The diagnostic procedure of the analog circuit 5 will be described below. The characteristic deterioration detecting device 2 outputs the relay control signal 23 to the switches 10 and 11. This allows the analog circuit 5
Is the test signal 21 from the input terminal 32 from the plant.
And the test signal can be input. At the same time, the feedback resistance is also switched to the feedback resistance 9 for diagnosis. As the test signal 21, a DC voltage of 1 mV is input. Therefore, 1 V is output to the output signal 25 in the normal state. However, when the characteristics of the OP amplifier 6 deteriorate due to radiation irradiation and the open loop gain decreases, the output signal 25 also decreases, and the deterioration of the characteristics of the analog circuit 5 can be detected early by the characteristic deterioration detecting device 2.

[0026]

According to the present invention, it is possible to provide means for easily detecting characteristic deterioration of an electronic circuit used in a radiation environment.

[Brief description of drawings]

FIG. 1 is a circuit diagram showing an embodiment of the present invention.

FIG. 2 is an operation flowchart of the characteristic deterioration detecting device.

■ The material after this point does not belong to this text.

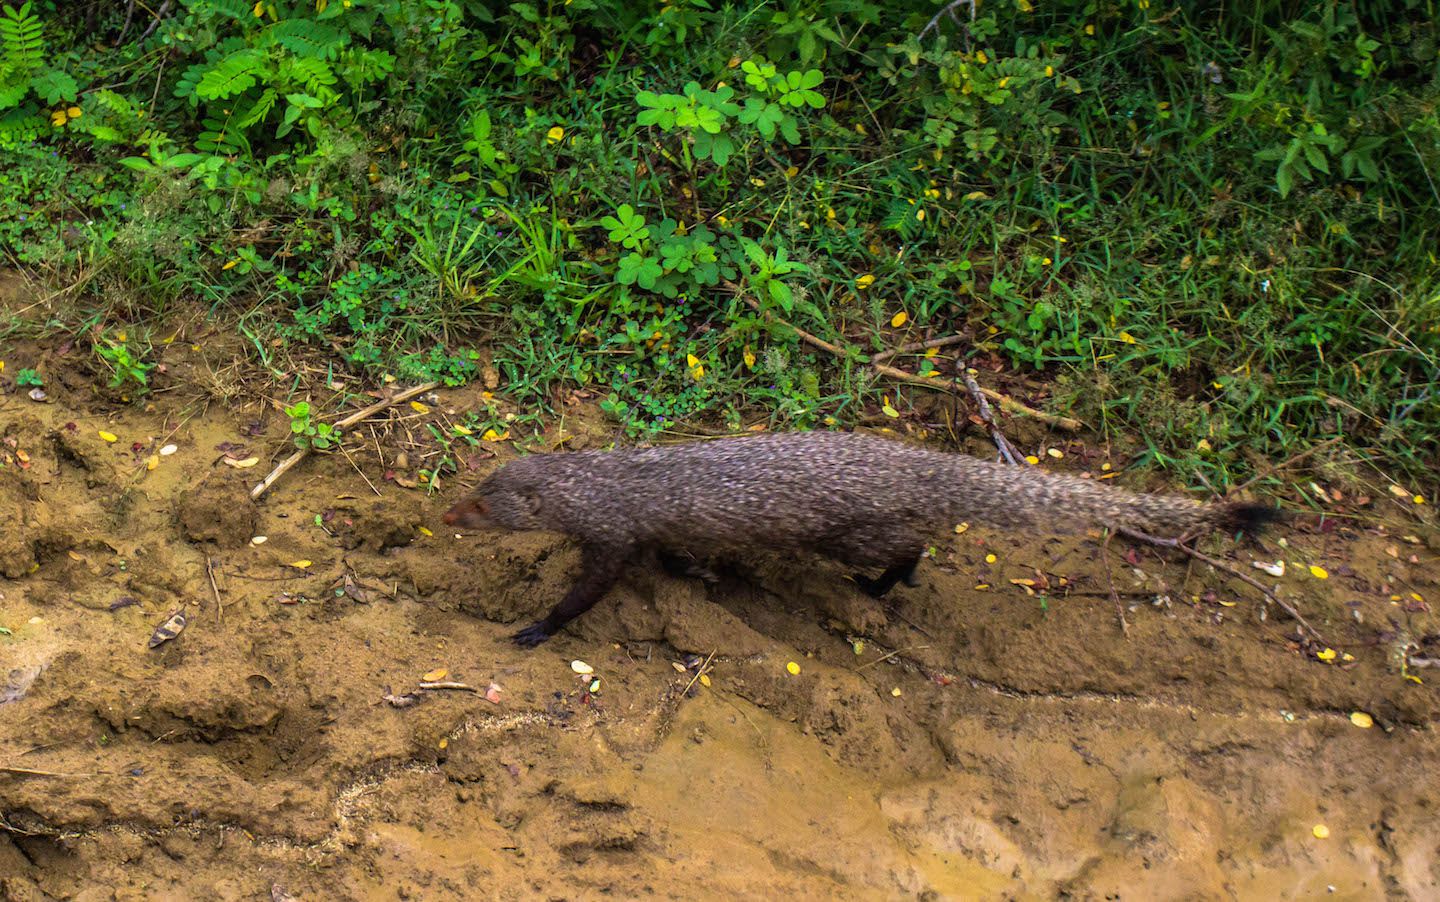 Mongoose, Yala National Park, Sri Lanka

FIG. 3 is a characteristic diagram of input / output voltage of a digital circuit.

[Explanation of symbols]

1 ... Control device, 2 ... Characteristic deterioration detection device, 3 ... Digital circuit, 4, 10, 11 ... Switch, 5 ... Analog circuit,
6 ... OP amplifier, 7, 9 ... Feedback resistance, 8 ... Input resistance, 20 ... Operating state signal, 21 ... Test signal, 22,
23 ... Relay control signal, 24, 25 ... Output signal, 26 ...
Abnormality detection signals, 30, 32 ... Input terminals, 31, 33 ... Output terminals.

Claims (3)

[Claims] 1. In an electronic circuit used in a radiation environment, an operating state detecting means for detecting that the output of the electronic circuit is in an unused state, the input of the electronic circuit is switched, and a test signal is output. Input switching means applied to the input terminal of the electronic circuit, and output of the test signal to the input switching means according to an instruction from the operating state detecting means, and detection of the output of the electronic circuit causes deterioration of characteristics of the electronic circuit. An electronic circuit used in a radiation environment, characterized by being provided with a characteristic deterioration detecting means for detecting. 2. The output signal of the characteristic deterioration detecting means according to claim 1, which is a signal including a low level input upper limit voltage and a high level input lower limit voltage of the logic signal, and confirms the operation of the logic circuit portion of the electronic circuit. An electronic circuit used in a radiation environment that has the function of 3. The electronic circuit according to claim 1, wherein the output signal of the characteristic deterioration detecting means is a minute voltage signal and has a function of confirming the operation of the analog circuit portion of the electronic circuit.